APOS: Fast-Evolving Sports to Remain the Unchanging Anchor of Media Biz, While Fans Drive Expansion in Asia

The more things change, the more things stay the same, appeared to be the proposition of two Wall Street insiders on the current entertainment landscape and the inviolable position of sports within it.

“These are tough times,” intoned Joe Ravitch founder and partner of media focused investment firm Raine, speaking last week at the APOS media conference in Indonesia. But “sports content is the only form of appointment viewing still remaining [in a changing media and entertainment landscape.”

In Ravitch’s view, sports is, “the last bastion of value.” It is highly sticky, driven by cross-border interest, even family loyalty, and powered by fanaticism.

Financial analyst, Michael Nathanson explained how the U.S. cable TV bundle is shrinking by 5 million subscribers per year and may fall to 50 million within three to four years. “But sports fans are the ones staying with the bundle, as entertainment consumption [on TV] has fallen,” said Nathanson.
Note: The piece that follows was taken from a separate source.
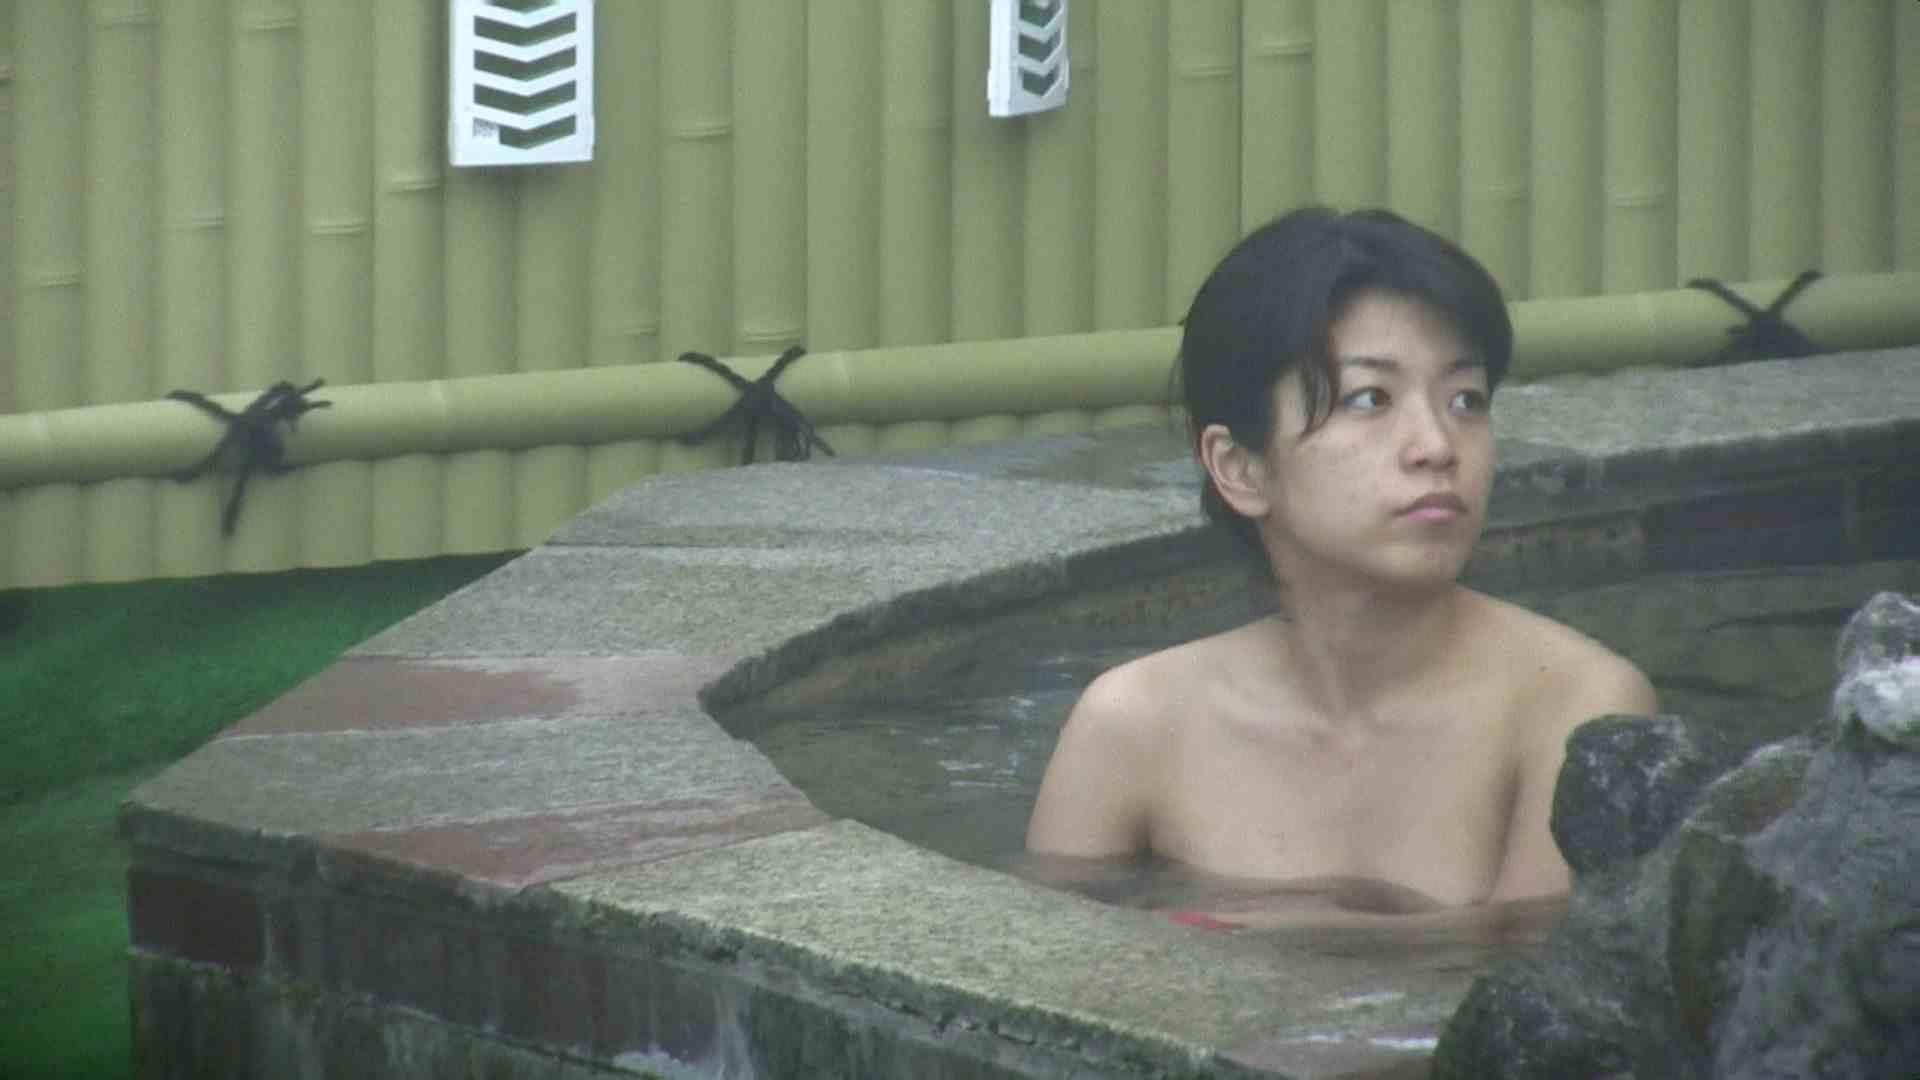 Aquaな露天風呂Vol.585 HなOL | 盗撮  93pic 24

As the number of cable households shrinks, prices for those who remain are likely to be driven up.

Ravitch also forecast that sports rights prices will continue to inflate and not hit a ceiling in the foreseeable future.

That is sustainable because of the vastly expanding opportunities for sports to create revenues.
These include: the creation of new leagues; wider following of women’s sports’ the creation of specialized sports streaming services by leagues, clubs and stars; combinations of leagues across different sports; digital assets, and forms of sports programming that do not involve broadcast rights, a route broadened for others by Netflix’s hit Formula One show “Drive to Survive.”

Ravitch, who was previously involved in the sale of English soccer club Chelsea, proposed that two other forces will continue to propel sports into the stratosphere. These are the impact of gambling, which is being legalized in some territories, and the arrival of new sources of financing.

These include private equity, which was previously barred in some territories, due to the risk of debt over-leverage, and wealthy Middle East investors. Some of these may be seeking to include media and entertainment within their diversification portfolio, but without the controversies of news journalism. Sports is an attractive proposition, even if Middle East investors lay themselves open to the charge of sports-washing.

A separate panel discussion focused more specifically on Asian and Middle Eastern sports and on fandom heard several speakers describe fast-changing sports industry structures and the potentially lucrative opportunities to be had from catering to fans.

Carlo Nohra, COO of the Saudi Pro League, soccer championship, described how nearly every aspect of the game’s management had to be built from scratch. But by being able to bring in great players has “fast-tracked” government involvement. “We now need to live up to the hype,” Nohra said. With 38 broadcasters of the league spanning over 100 countries, the league has been able to increase revenue up 600+%, admittedly from a low base.

Junas Miradiarsyah, CEO of the Indonesian Basketball League, lamented that other sports struggle to overcome Indonesia’s football (soccer) culture. But he said, “Now is the time to scale up the competition. Our national men’s team recently won a gold medal.” And he remained in story-telling mode.

“Sports events need to stop thinking of themselves as event organizers and start thinking of content production organizations,” he said. “We need to create stories in Indonesia [and] create a better market for ourselves.”

Yannick Colaco, co-founder of FanCode, described the Indian landscape as changing too and how fandom is part of that process. India, where the top of mind sport is cricket, is experiencing the penetration of participatory sport seek wider into youth culture. That is something that will enable further development of leagues, derivate formats and monetizable media opportunities.

“Fancode is about access and experience. We see ourselves as a content company,” Colaco said. “The development of content around live sports is going to grow. And it will be generated cheaper.”